Du brauchst doch nur einen Anbieter, der Dir die Domain und einen dynip-Service bietet. Sowas sollte nicht allzu teuer sein.

Ich bin aus historischen Gründen bei http://inweb.de , da gibts die Domain für 19€ und - so schätze ich - den dynip-Dienst wohl für lau oben drauf. Ich habe das nie so einzeln gebucht. Vielleicht gibts das woanders auch noch günstiger, aber damit hast Du dann Deine Wunschdomain auf Deine Heimkiste zeigen und brauchst keinen Server beim Provider oder sowas.

Oder habe ich Dich jetzt grundsätzlich falsch verstandene?

----------

## ChrisJumper

Danke cryptohappen!

Ich denke genau das möchte ich haben. Damit kann ich doch dann auch einen MTA aufsetzen und dies in meine Konfiguration schreiben? Subdomains kann ich dann auch einfach erstellen die dann der Apache auf dem Rechner unterschiedlich bedient oder?

Ich war mir einfach nicht sicher in wie fern die Verknüpfung von IP und Rechner gegeben sein muss. Wenn ich bei der günstigsten Lösung immer noch einen Virtuellen Server mieten muss fand ich das einfach nicht interessant. Bei inweb.de steht zwar das ich dort eine Domain registrieren kann, aber eben nicht das sie auch ein DynIP-Programm bieten, oder ob ich da noch zusätzlich von einem Drittanbieter mieten muss.. oder ob ich überhaupt die Möglichkeit habe die IP-Adresse zu ändern oder einen Service-Mitarbeite beauftragen muss.. oder mich immer per Webinterface einloggen und das von Hand ändern etc...

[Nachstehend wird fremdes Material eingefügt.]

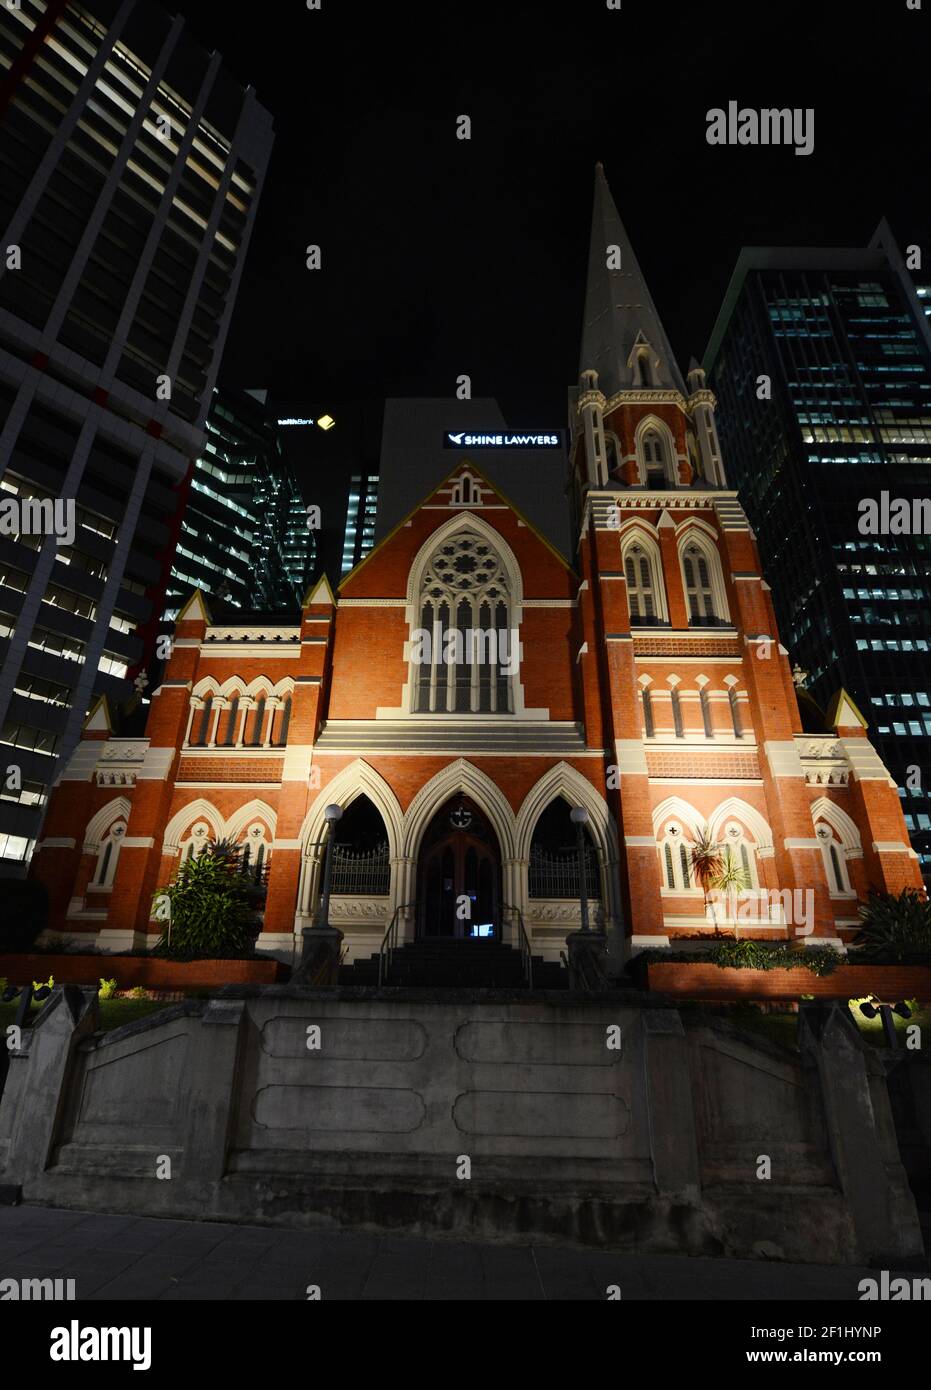 Albert Street Uniting Church at night, Brisbane, Australia. Stock Photo

Mein Wunsch war ja das ich einfach eine feste IPv6 Adresse bekommen kann die dann auf meine Kiste zeigt. Doch die Provider kommen da nicht wirklich vorwärts und sind auch noch froh wenn eine Feste Ip als Dienstleistung gilt die dann teurer abgerechnet werden kann.

----------

## cryptosteve

Ja, Mail und Apache und all der feine Kram geht damit. Mit dem Senden von Mail ist es nicht ganz so einfach, weil die meisten Mailserver aus Spamschutzgründen meine Mail von Dialups annehmen, aber die kannst Du dann einfach über einen Relayhost raushauen. Das ist im allgemeinen kein Problem und ich hab das früher auch lange Jahre so gemacht.

Mailserver mit dynip ist natürlich nicht so schön wie mit fester IP, aber es geht ...

----------

## papahuhn

de-Domains gibts ab ca. 7 Euro pro Jahr, z.B. dd24.de. Dort hast Du Einstellungsmöglichkeiten bzgl. DNS und WHOIS.

----------

## cryptosteve

Ja, günstige Domains gibts an jeder Ecke. Aber nicht jeder Anbieter bietet ein Tool, um den DNS dynamisch auf tagesaktuelle IPs zu setzen.

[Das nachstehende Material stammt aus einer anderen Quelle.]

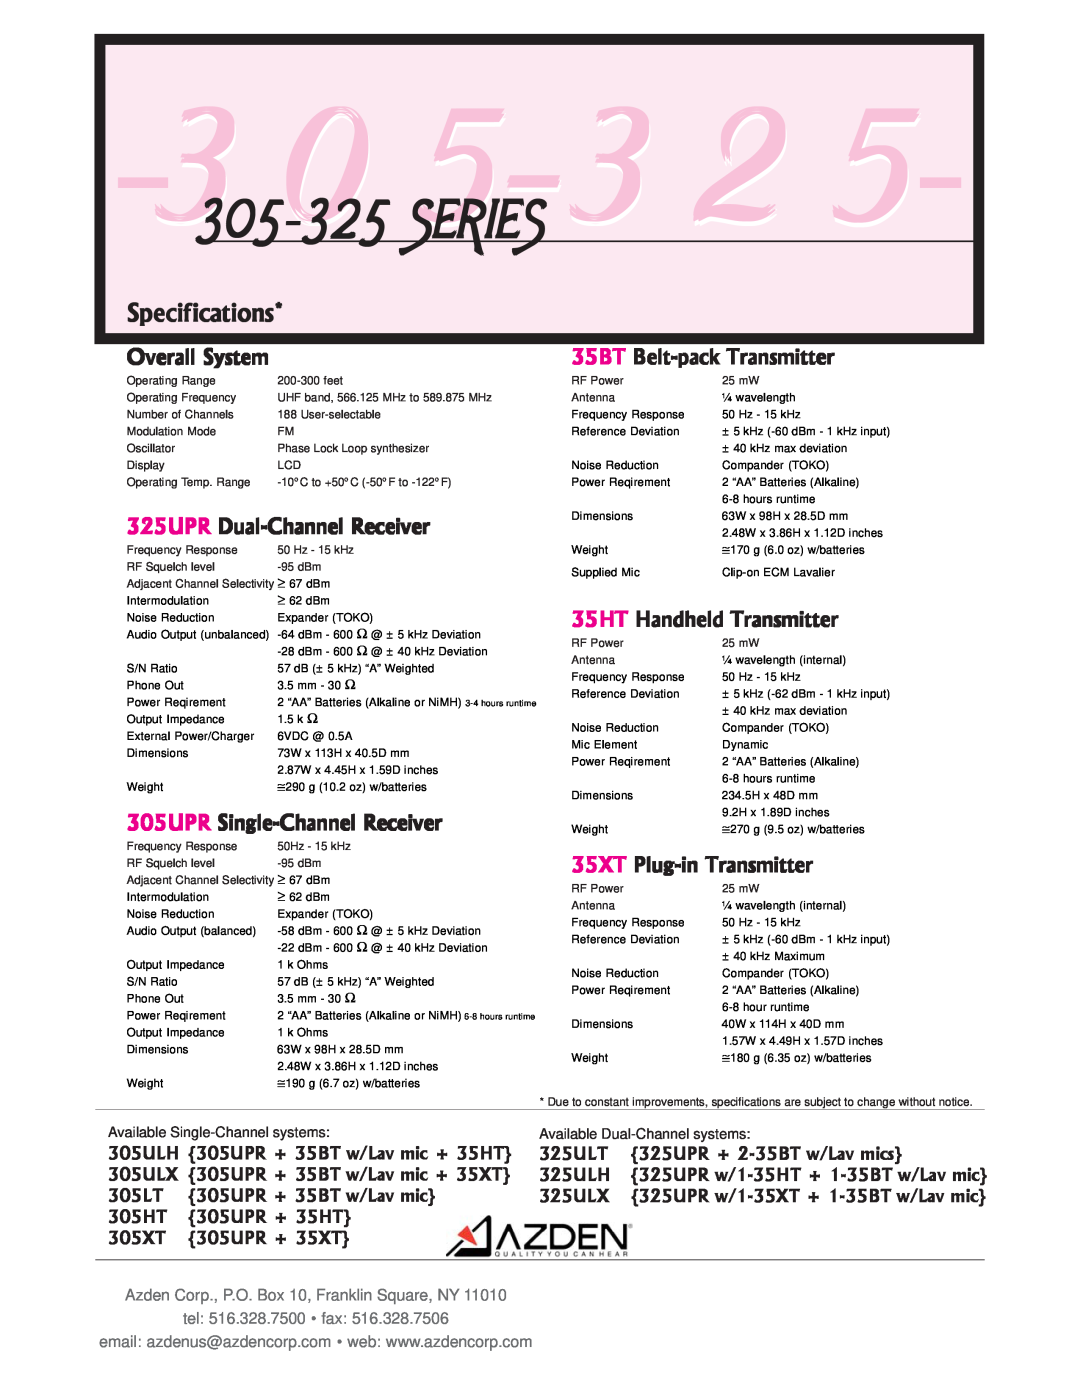 Azden 35XT Specifications, 3 0 5-3 2, Series, Overall System, 35BT Belt-pack Transmitter, 325UPR Dual-Channel Receiver

Geht auch das bei dd24.de?

----------

## papahuhn

Achso, eine API zum mechanischen Setzen des A-Records ist mir nicht bekannt. Falls nur Subdomains (ab third level) dynamisch sein müssen, lässt sich ein CNAME für die Subdomain auf einen externen DynDNS-Anbieter nutzen. Ansonsten lässt sich ein eigener Nameserver eintragen, aber der wiederum sollte auch eine statische IP besitzen.

----------

## l3u

Ich habe ein paar Domains bei Strato für je 49 ¢ pro Monat. Ich setze von meinem kleinen Server aus per selbstgebautem (einfachem!) Script die IP-Adresse, auf die die Domains zeigen sollen und gut. Das schaut regelmäßig nach, welche IP-Adresse ich gerade habe und macht ein Update, falls nötig. Mailversand mache ich mittels des Relay-Hosts meines Internetproviders. Klappt wunderbar!

----------

## forrestfunk81

Ich hatte auch ne Domain bei Strato. Pass auf, welches Paket du da bestellst. Viele Kleinigkeiten gibts nur nach Upgrade. In meinem Paket konnte ich keine Subdomains anlegen und den MX Record nicht ändern. Auch bei den Webhosting gibts vieles nur nach Upgrade. Dann wirds halt schnell teurer als andere Angebote. Ich mag die nicht    :Rolling Eyes: 

----------

## l3u

Also falls du die Scripts haben willst, die bei mir die IP-Updates machen, dann einfach melden!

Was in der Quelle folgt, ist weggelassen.